Avec son titre modeste, Trois contes de Borgès pouvait laisser présager d’une adaptation scolaire, alignant en une sage récitation illustrée quelques moments choisis parmi l’oeuvre foisonnante de l’écrivain argentin. Mais l’ambition est autre. Ce sont les questions que tout acte de création littéraire (l’écriture, la traduction, la citation même) posent au langage qui composent la matière vivante dans laquelle sont sertis les contes (El otro, El disco, El libro de arena). Un Borgès, âgé et aveugle, s’entretient avec une jeune femme et mêle la pensée au quotidien et au paysage. Les histoires surgissent, ou prolongent cette parole. Le vieux Borgès rencontre, au bord d’un fleuve, celui qu’il fut ; un mendiant donne l’abri à un roi en exil dont le pouvoir tient dans une pièce à une seule face ; un colporteur se propose de vendre un livre infini. La fiction déborde sur le lieu de l’écriture, devenu lui-même imaginaire, tel un point où se rencontrent le présent et le passé, la voix des morts et la machine à écrire des vivants.
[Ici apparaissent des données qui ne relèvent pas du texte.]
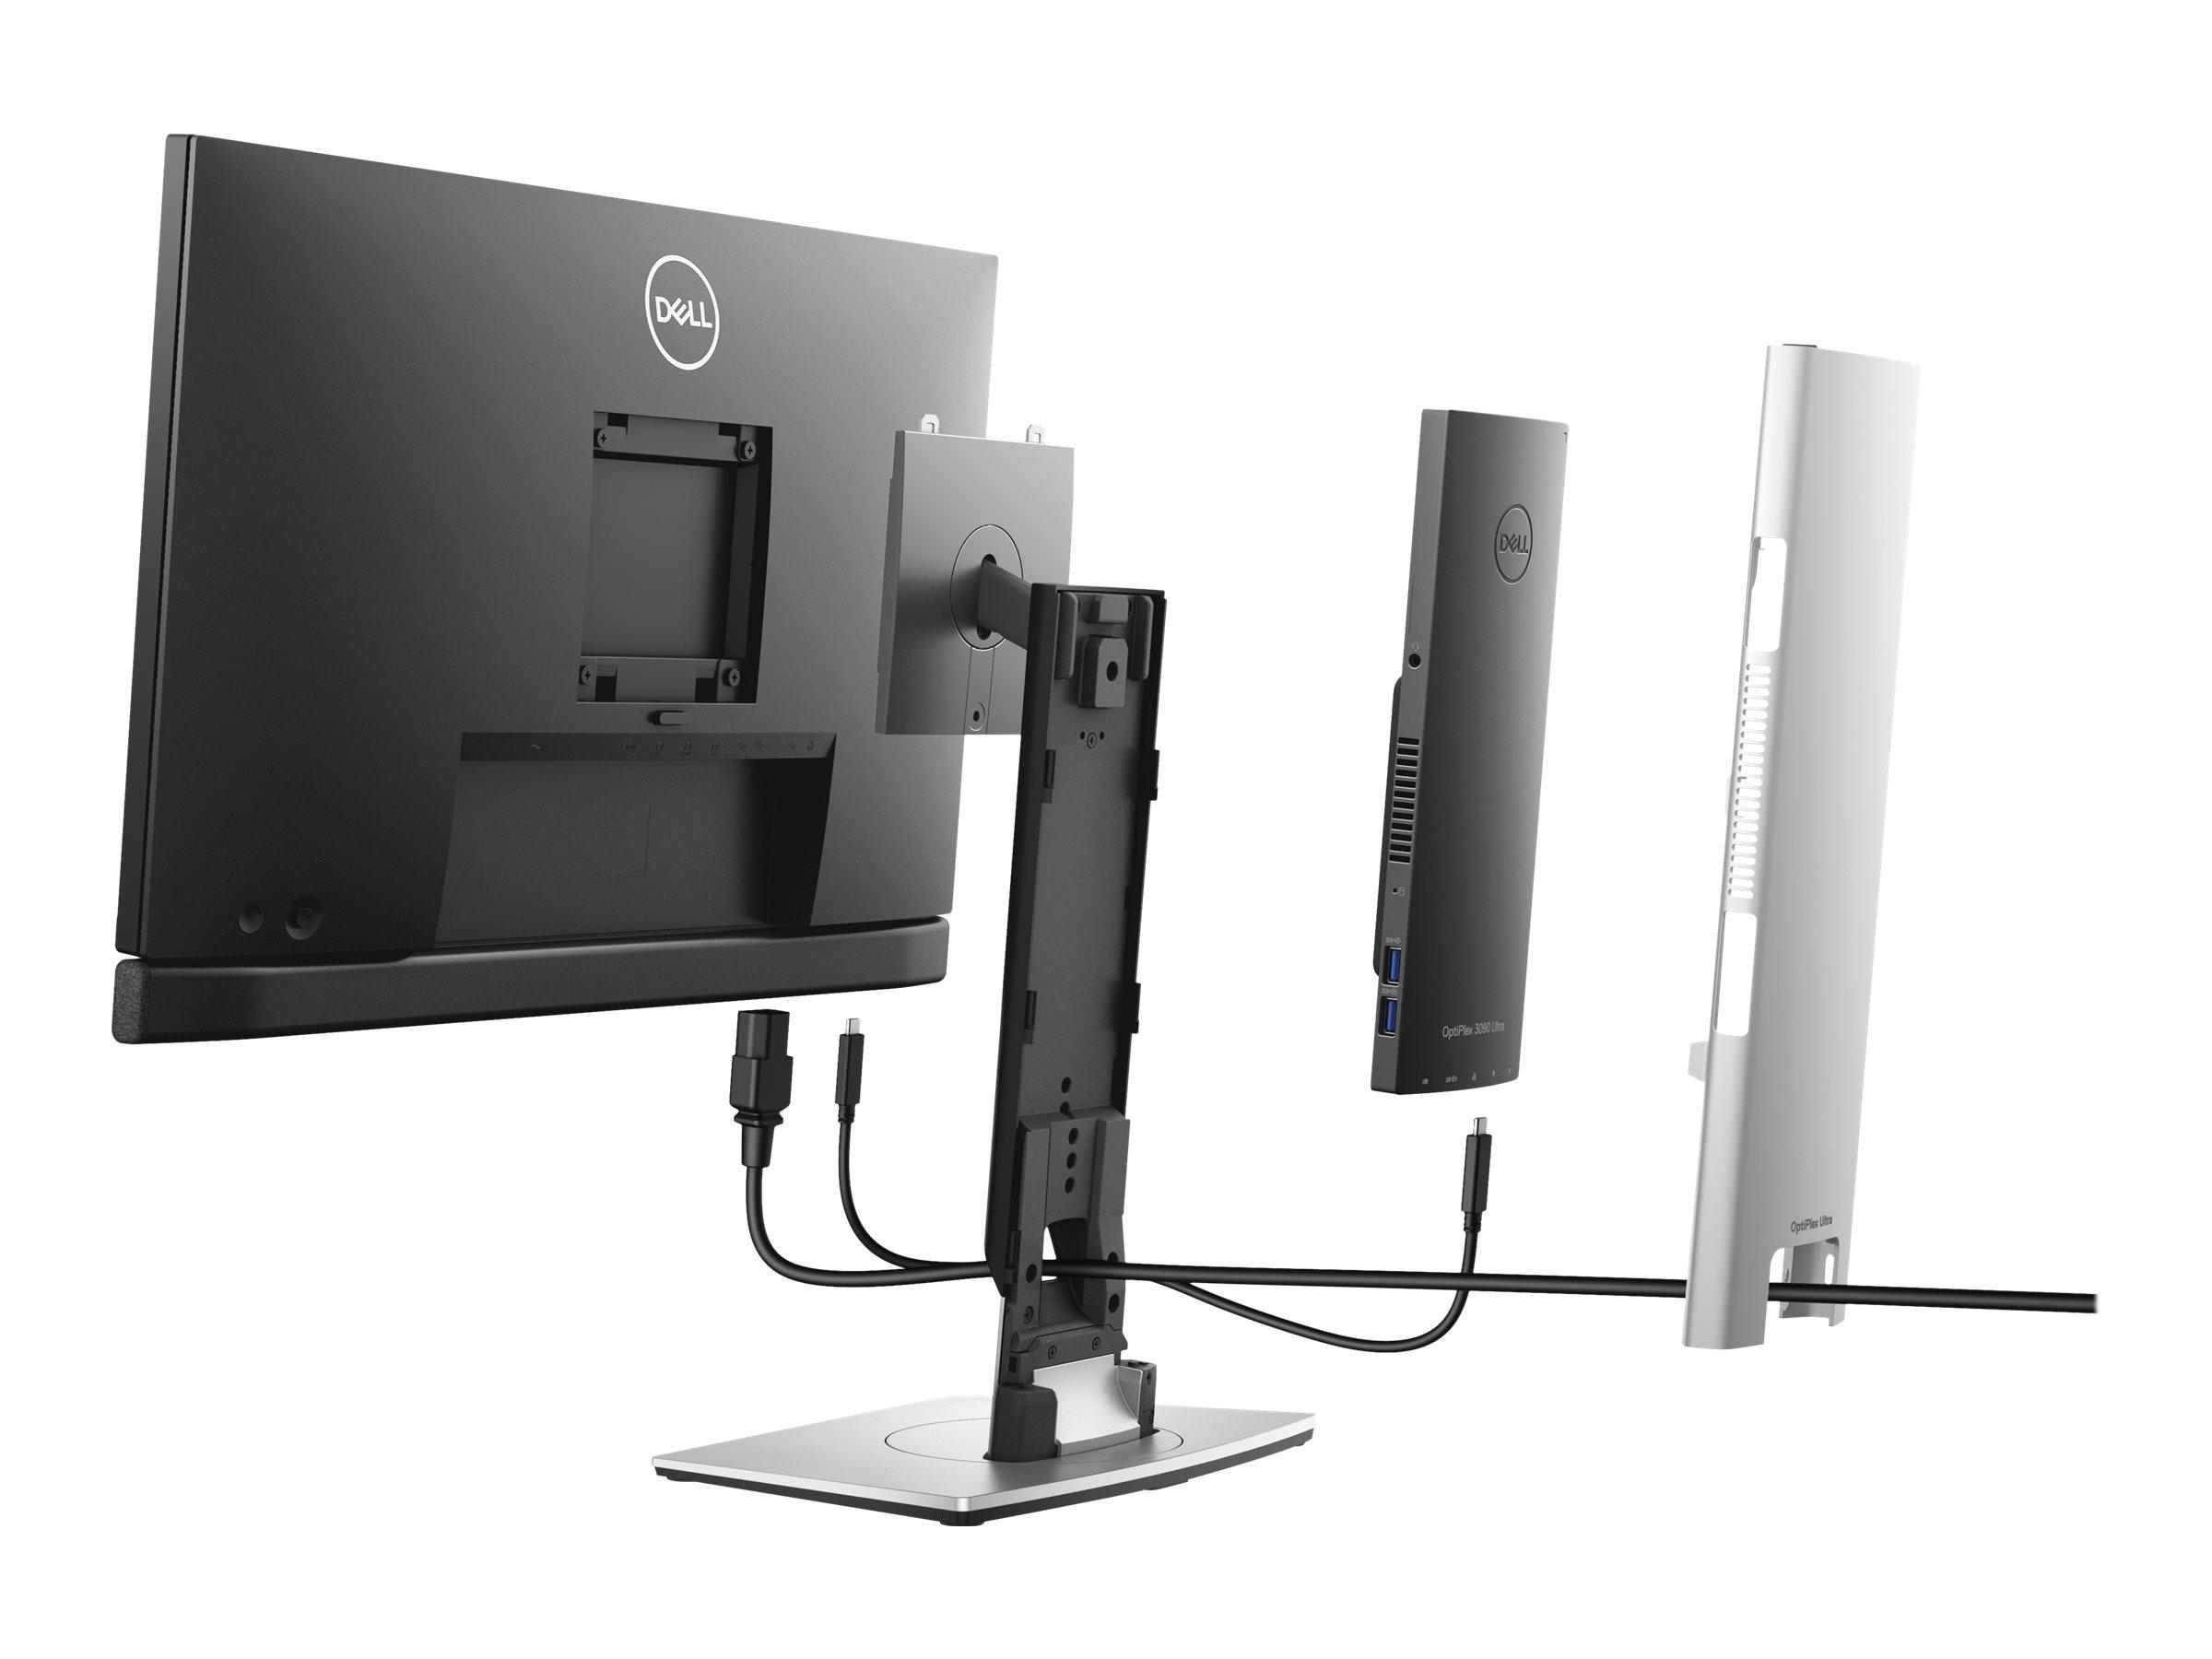 Dell OptiPlex 3090 Ultra - UFF - Core i3 1115G4 / 3 GHz

Le film est d’une intelligence rare, d’une culture prodigue – au point que l’on peut parfois ressentir l’impression que les plans s’avancent chargés de leurs notes de bas de page. Mais cette intelligence est aussi, et avant tout, celle du cinéma. Il est rare, presque miraculeux, de découvrir un premier film si précis dans son découpage, si assuré dans ses mouvements de caméra et sa direction d’acteurs, si aventureux dans sa construction – si plein du désir de son créateur et en même temps si maîtrisé. Maxime Martinot a tourné ces Trois contes pour 27 000 euros. Somme dérisoire, dont les trois quarts ont été dévolu aux frais nécessaires à un tournage en pellicule 16 mm. Plus qu’une coquetterie, c’est un choix : d’une matière d’image d’abord, d’une exigence de précision et de concentration dans le tournage ensuite – le nombre de prises étant fatalement limitée par le budget. Martinot s’est même lancé dans ce projet sans avoir les droits d’adaptation des nouvelles. Tout cela ne serait qu’anecdotique si ce n’était ce genre de courage et de détermination qui manquent si souvent au cinéma français, qu’il soit jeune ou non. Le FID est un de ces lieux, essentiels, où le courage de créer, déchirant la monotonie des sorties hebdomadaires, est rendu visible.